Items listed in a dataset
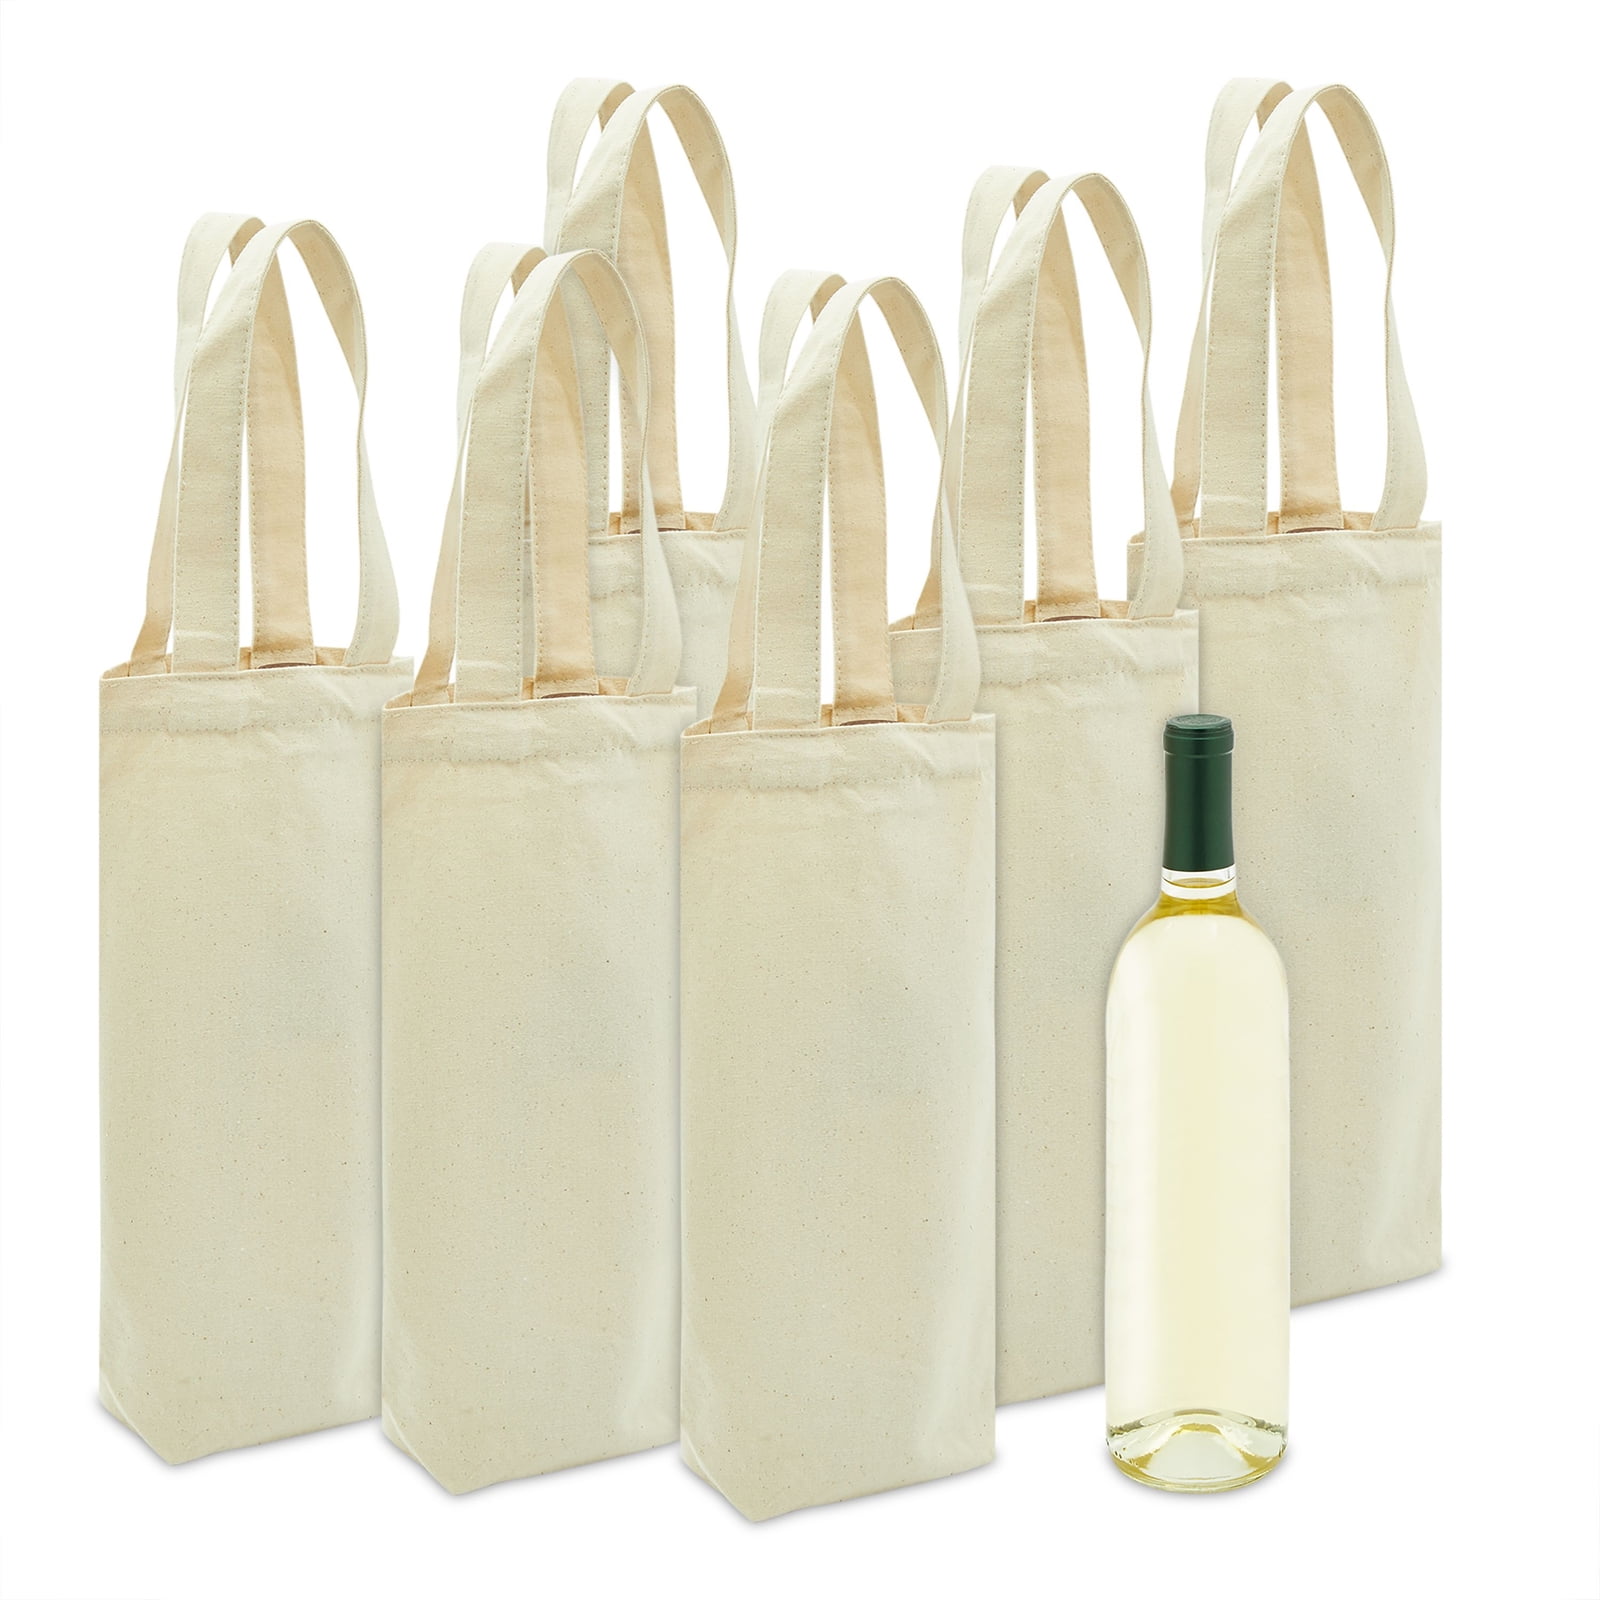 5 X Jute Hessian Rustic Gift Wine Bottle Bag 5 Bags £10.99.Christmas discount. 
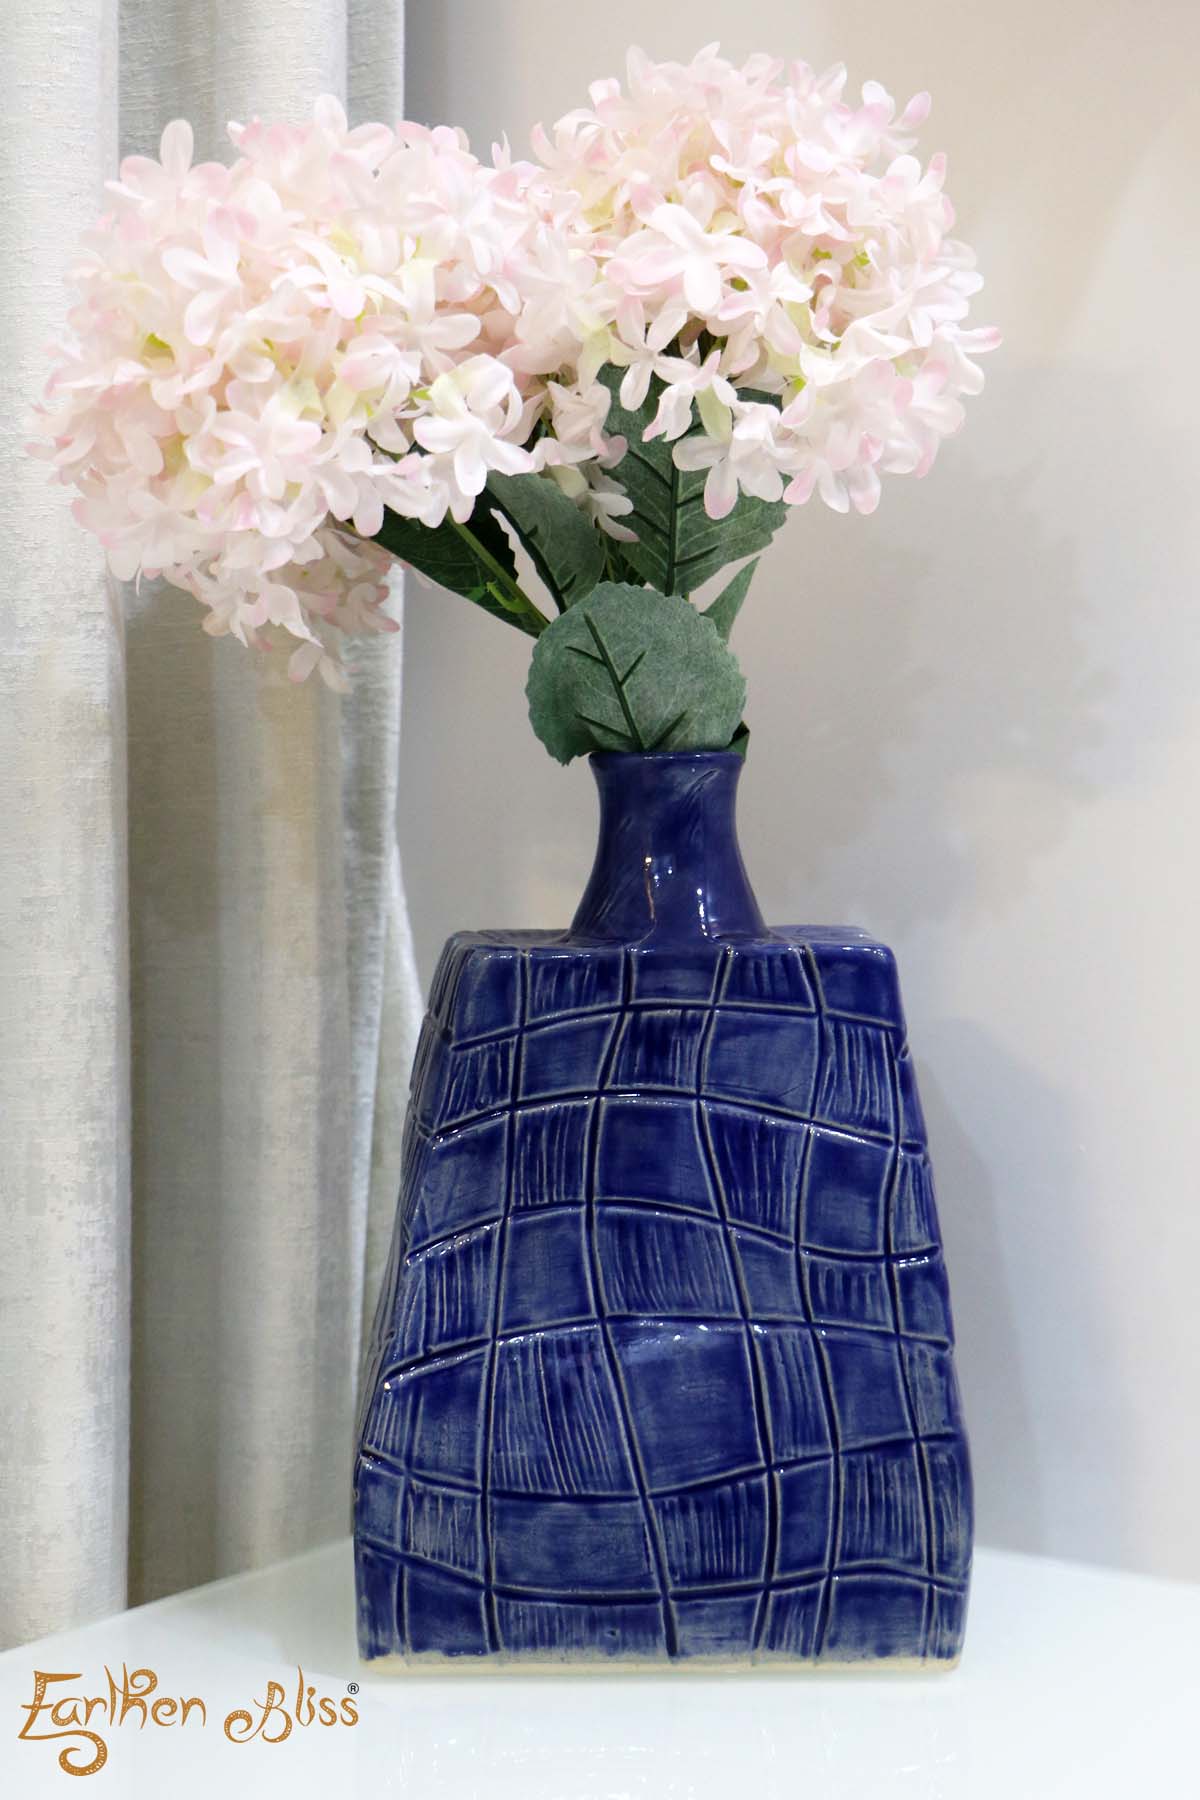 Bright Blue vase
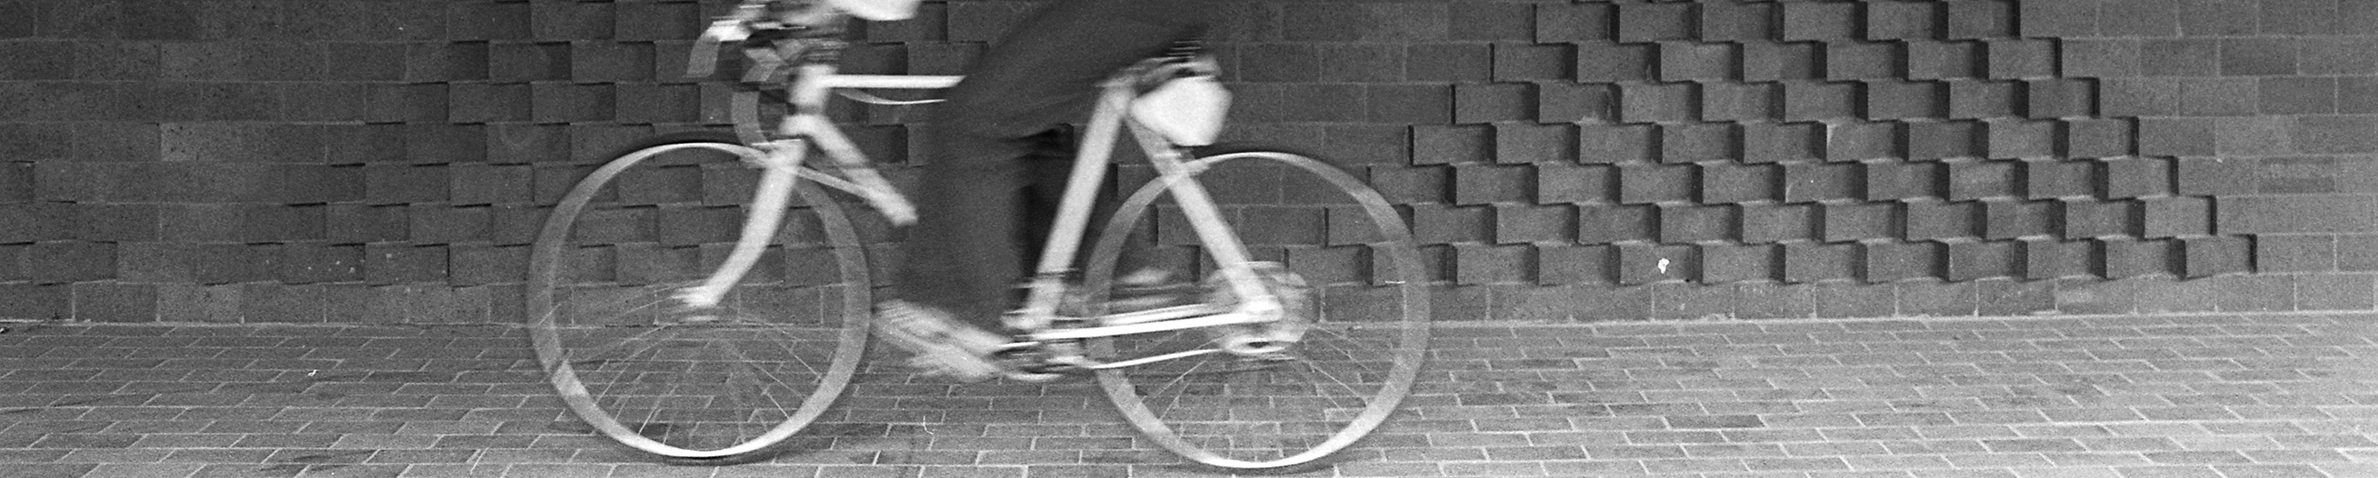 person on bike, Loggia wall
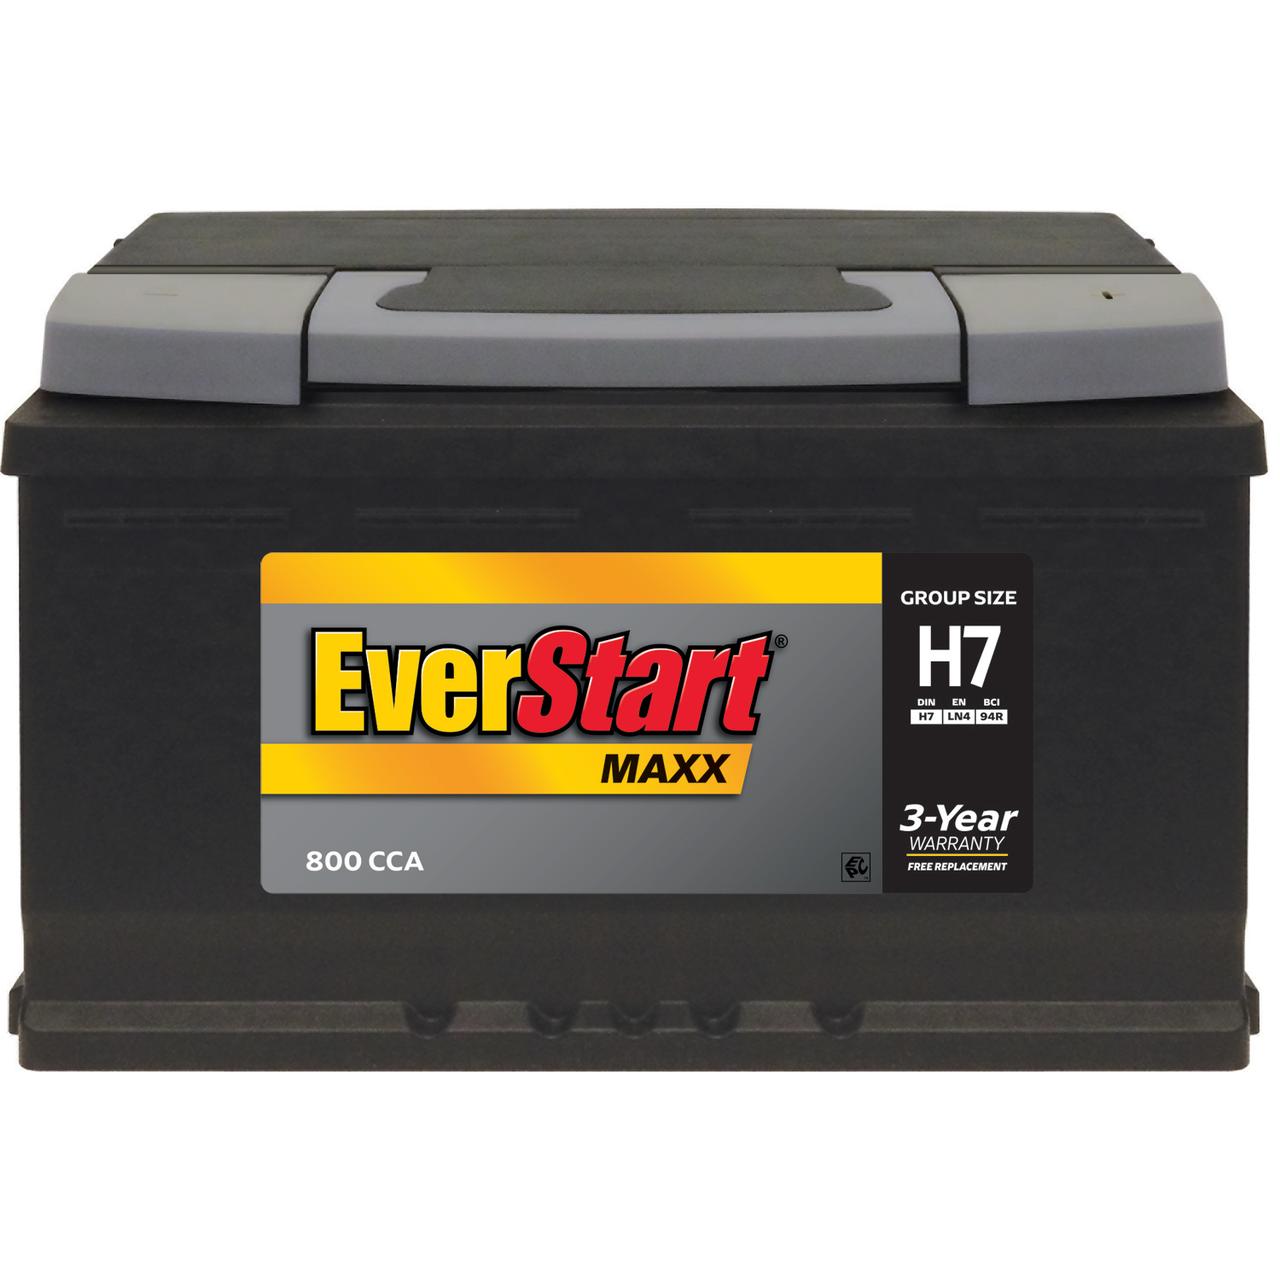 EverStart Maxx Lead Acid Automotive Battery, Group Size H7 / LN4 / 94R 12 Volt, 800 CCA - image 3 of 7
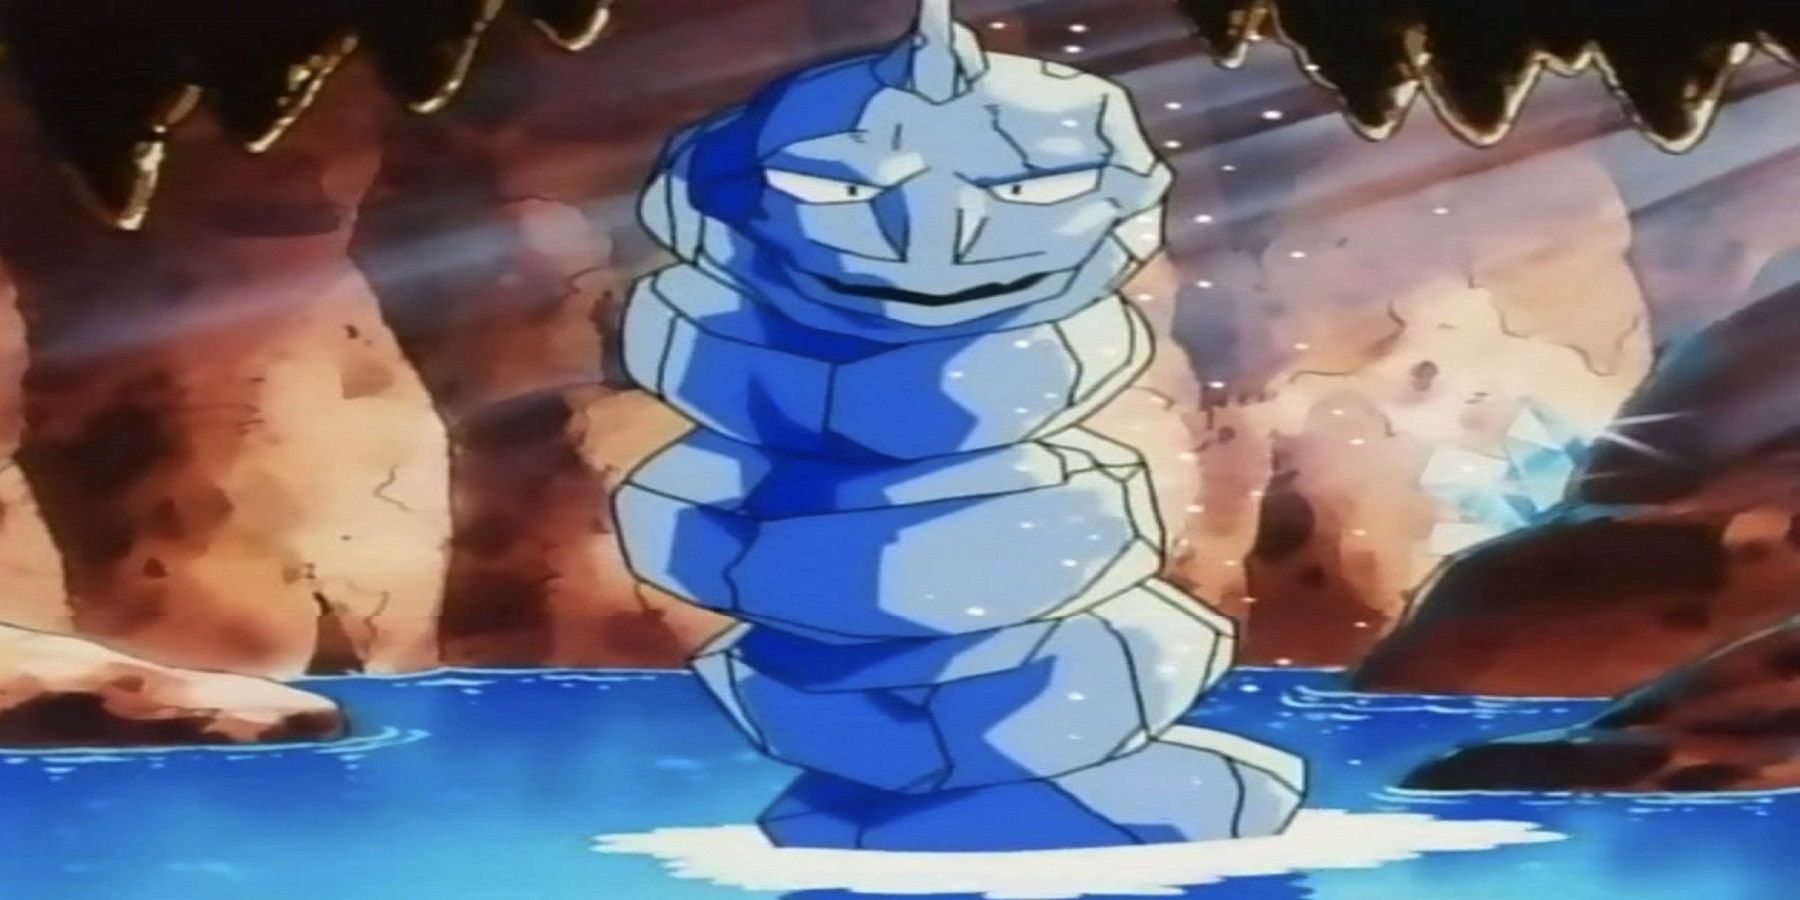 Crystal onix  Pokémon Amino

• What you should do
Return the lines exactly, from the one containing "EverStart Maxx Lead" through the last line above, including both ends and excluding every picture.

• Task answer
 EverStart Maxx Lead Acid Automotive Battery, Group Size H7 / LN4 / 94R 12 Volt, 800 CCA - image 3 of 7
 Crystal onix  Pokémon Amino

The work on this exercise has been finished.